The function that does the lumping is called `fct_other()`, and it takes as argument the variable to lump and an argument `keep` listing the values to keep or alternatively an argument `drop` listing the values to drop. Since you want to keep only basketball and water polo, use the variant with the `keep` argument.

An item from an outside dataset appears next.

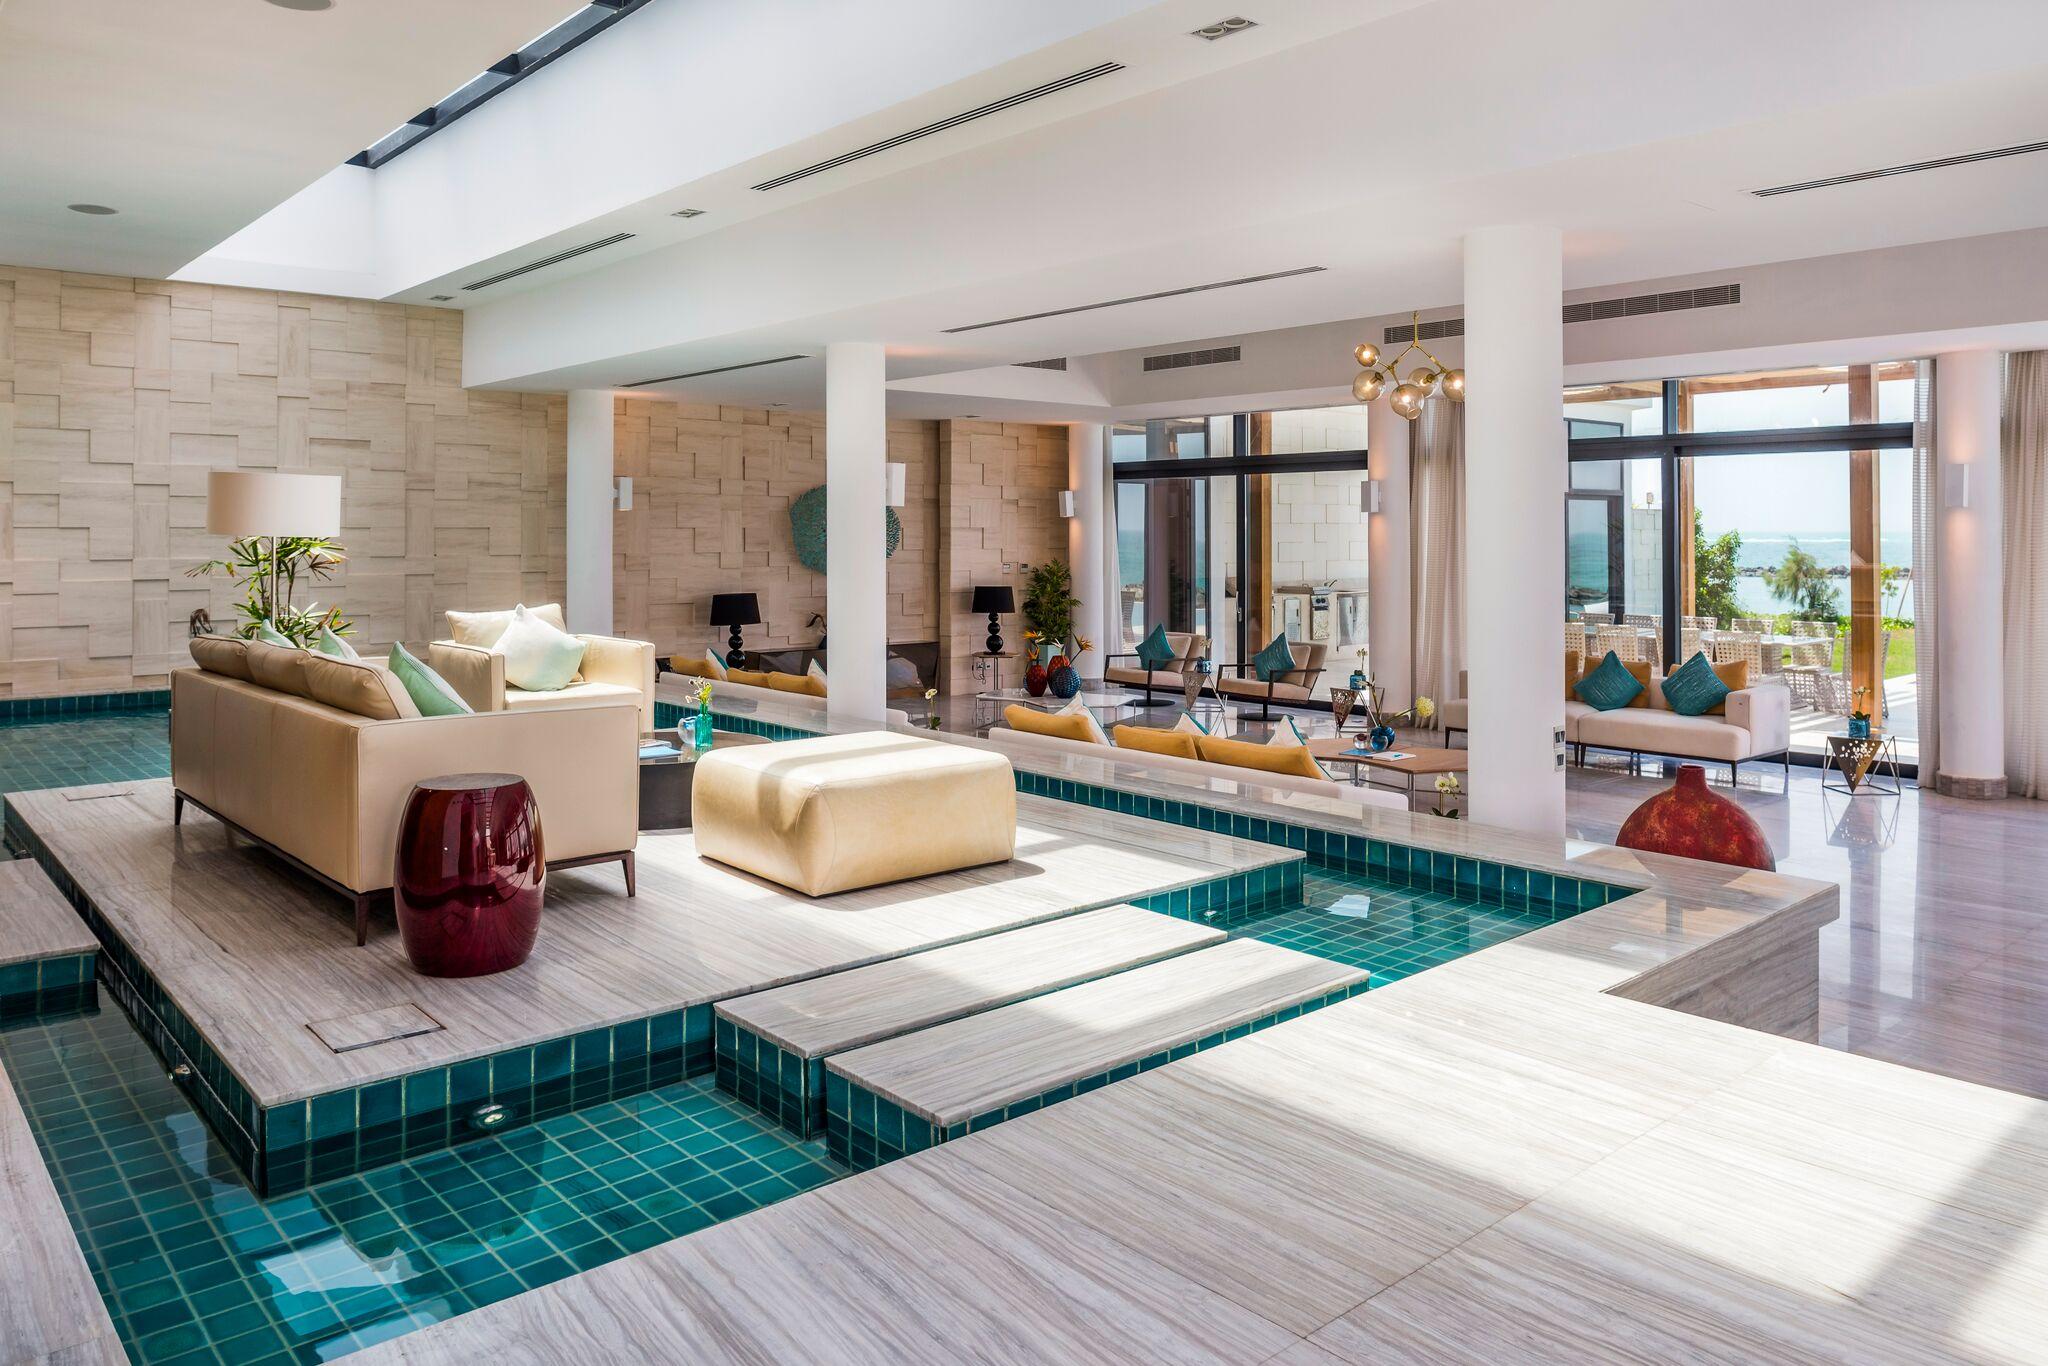 Dubai Real Estate : Dubai real estate a rising investment

```{r athletes-sport-lump, exercise = TRUE}
Aus_athletes %>%
filter(sex == "m") %>%
mutate(
sport_lump = ___
) %>%
ggplot(aes(height, bmi, color = sport_lump)) +
geom_point()
```
```{r athletes-sport-lump-hint}
Aus_athletes %>%
filter(sex == "m") %>%
mutate(
sport_lump = fct_other(sport, keep = ___)
) %>%
ggplot(aes(height, bmi, color = sport_lump)) +
geom_point()
```
```{r athletes-sport-lump-solution}
Aus_athletes %>%
filter(sex == "m") %>%
mutate(
sport_lump = fct_other(sport, keep = c("basketball", "water polo"))
) %>%
ggplot(aes(height, bmi, color = sport_lump)) +
geom_point()
```
Now use the variant of the `fct_other()` function with the `drop` argument. Drop field, rowing, and tennis from the sports considered individually.
```{r athletes-sport-lump2, exercise = TRUE}
```
```{r athletes-sport-lump2-hint}
Aus_athletes %>%
filter(sex == "m") %>%
mutate(
sport_lump = fct_other(sport, drop = ___)
) %>%
ggplot(aes(height, bmi, color = sport_lump)) +
geom_point()
```
```{r athletes-sport-lump2-solution}
Aus_athletes %>%
filter(sex == "m") %>%
mutate(
sport_lump = fct_other(sport, drop = c("field", "rowing", "tennis"))
) %>%
ggplot(aes(height, bmi, color = sport_lump)) +
geom_point()
```
Finally, try other lumping functions also. For example, the function `fct_lump_n()` retains the *n* most frequent levels and lump all others into `"Other"`. See if you can create a meaningful example with the `Aus_athletes` dataset that uses the `fct_lump_n()` function. *Hint:* Try to make a bar plot, similar to the one we made in the section on reordering based on frequency.